The light turns red when you are in a hurry to get home.  The problem is, you expected to go faster. An important check is late; you’re in danger of an overdraft.  You expected it sooner. A subordinate’s work is sloppy.  You expected attention to detail. A voluntee…
By Seth Barnes
By Seth Barnes






The light turns red when you are in a hurry to get home.  The problem is, you expected to go faster.
An important check is late; you’re in danger of an overdraft.  You expected it sooner.
A subordinate’s work is sloppy.  You expected attention to detail.
A volunteer fails to live up to his commitments.  You expected integrity.

We get frustrated and feel a surge of emotion when a goal or expectation of ours is not being met. But should we?
 
I submit that the answer is “no” – not if you want to avoid being similarly frustrated in the future, not if you want to grow and mature.
 
Learn from it
By using each new potentially frustrating experience as a learning experience, you have the opportunity to avoid the frustration in the future.  You can either change your expectation, or change your communication with the parties involved in order to see a different result. The Bible says that a fruit of the Spirit is self-control. I’d like to suggest that this is one key place in which you’ll see that change of behavior.

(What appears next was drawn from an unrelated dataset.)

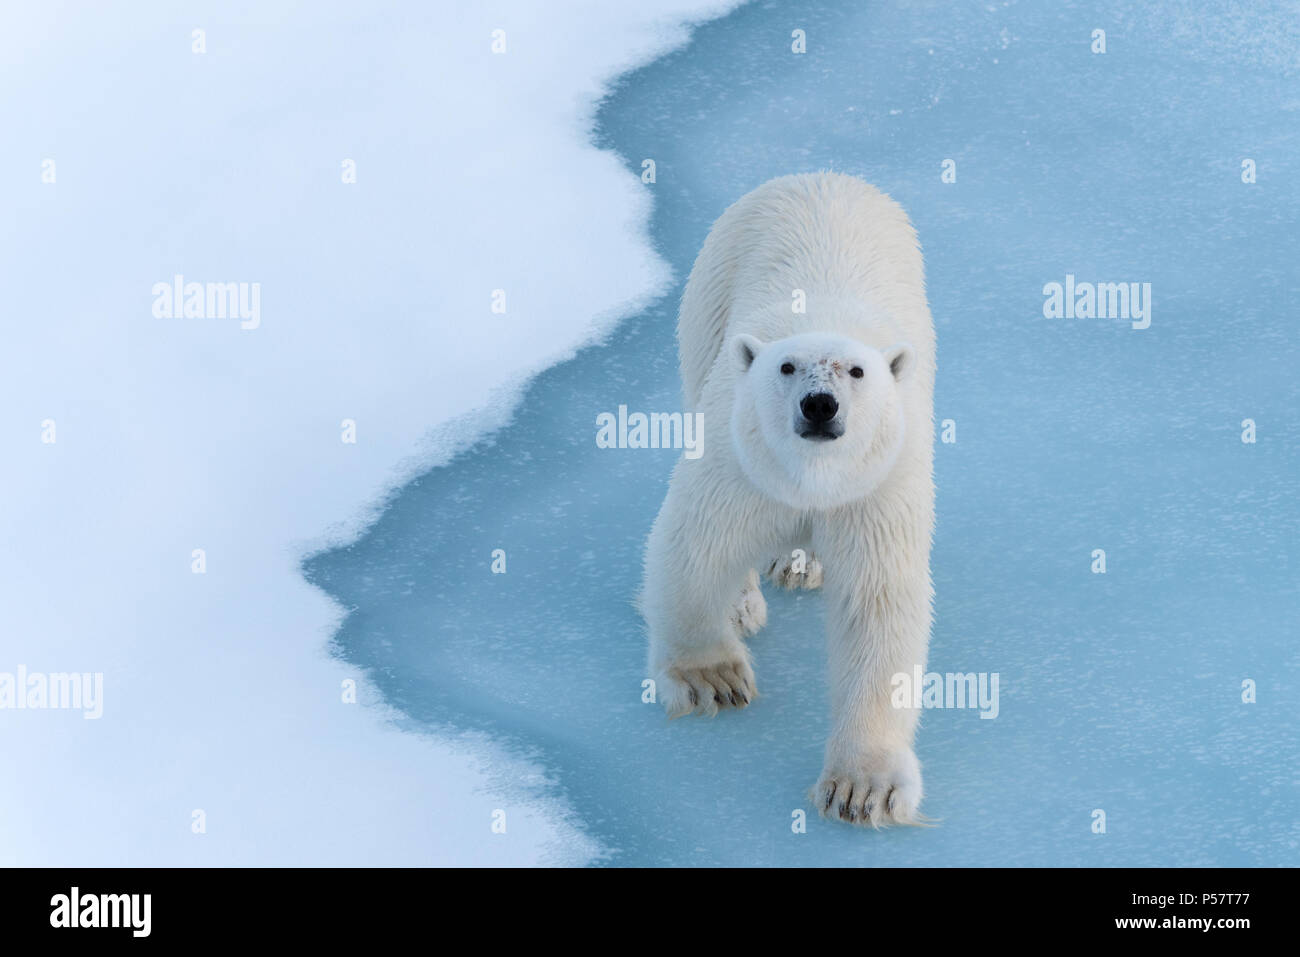 Close up Polar Bear full frontal to camera - Stock Image

I have a friend who says, “When things go wrong, rather than getting frustrated, I just assume that the problem is my own fault.  Inevitably there is something I could have done to avoid the problem.  If  someone has let me down, perhaps I selected someone without the skills necessary to perform the job.  Or perhaps I didn’t train them sufficiently.  Or perhaps I simply need to lower my expectations.  By taking responsibility for everything, I defuse other people’s anger.  I give them an opportunity to grow.  In so doing, I avoid being a scapegoater.”

Don’t show it

Feeling frustration is one thing; actually showing it is far worse.  Even the slightest roll of the eyeballs can communicate displeasure.  It diminishes another person’s self-concept.  It is a putdown.  It also diminishes trust.  If you’ve expressed frustration toward a co-worker, they’ll be less likely to trust you in the future.

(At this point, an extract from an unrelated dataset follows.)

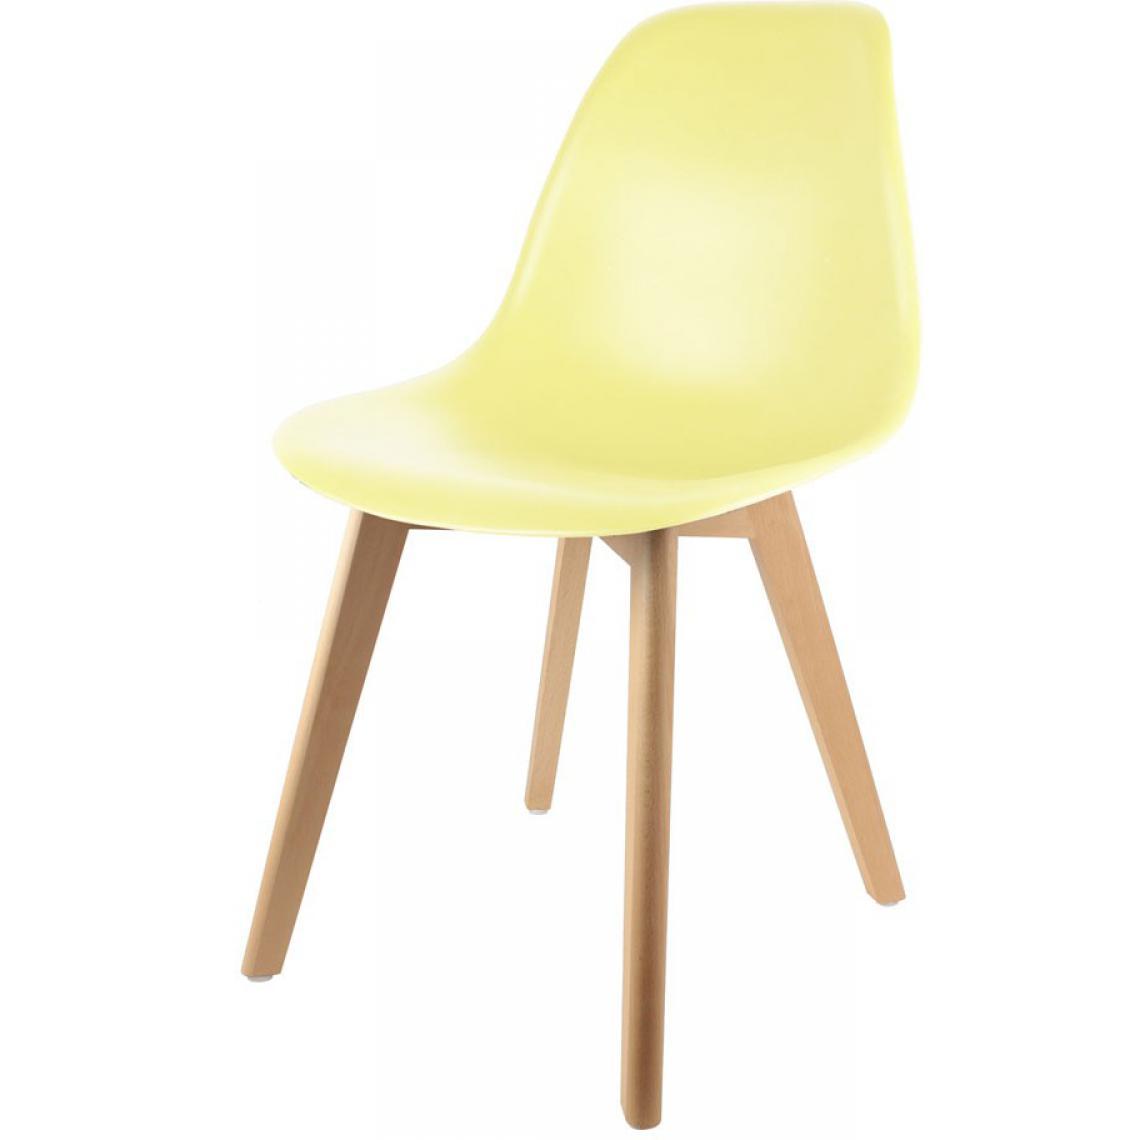 chaise scandinave coque jaune pastel fjord 3suisses. Black Bedroom Furniture Sets. Home Design Ideas

If someone is angry at you, the temptation is to respond in kind.  A much better response is to use the situation as a learning opportunity.  Thank the person for calling the source of their anger to your attention.  Develop the ability of thanking an angry person and you have fulfilled a biblical mandate.  The Bible says “bless those who persecute you.”  It says that doing so will “be like heaping burning coals” on the person’s head.

Leaders especially
Leaders and managers should particularly learn the lesson of choosing to assume responsibility rather than frustration.  By doing so, they model to their subordinates a life based on faith rather than doubt.  Leaders who see people and situations not as they are but as they could be are fun to be around.  They build a positive atmosphere, one where failure does not result in a loss of face, but which produces the possibility of realizing individual and corporate dreams.  To arrest your feelings of frustration with someone, ask yourself the following questions:
  • Did I create a poor fit?
  • Was my training inadequate?
  • Are my expectations unrealistic?
  • Have I really communicated?

Learning to not be frustrated often means choosing to un-learn old behavior patterns.  But it can be one of the most positive changes you ever make.  It can be a first step toward living the life of faith, without which, the Bible says, “it is impossible to please God.”

Comments (7)

  • Seth, great words to live by. If only people would apply these principles when driving on the roadways during rush hour traffic…just sayin’…I guess in a perfect world-huh?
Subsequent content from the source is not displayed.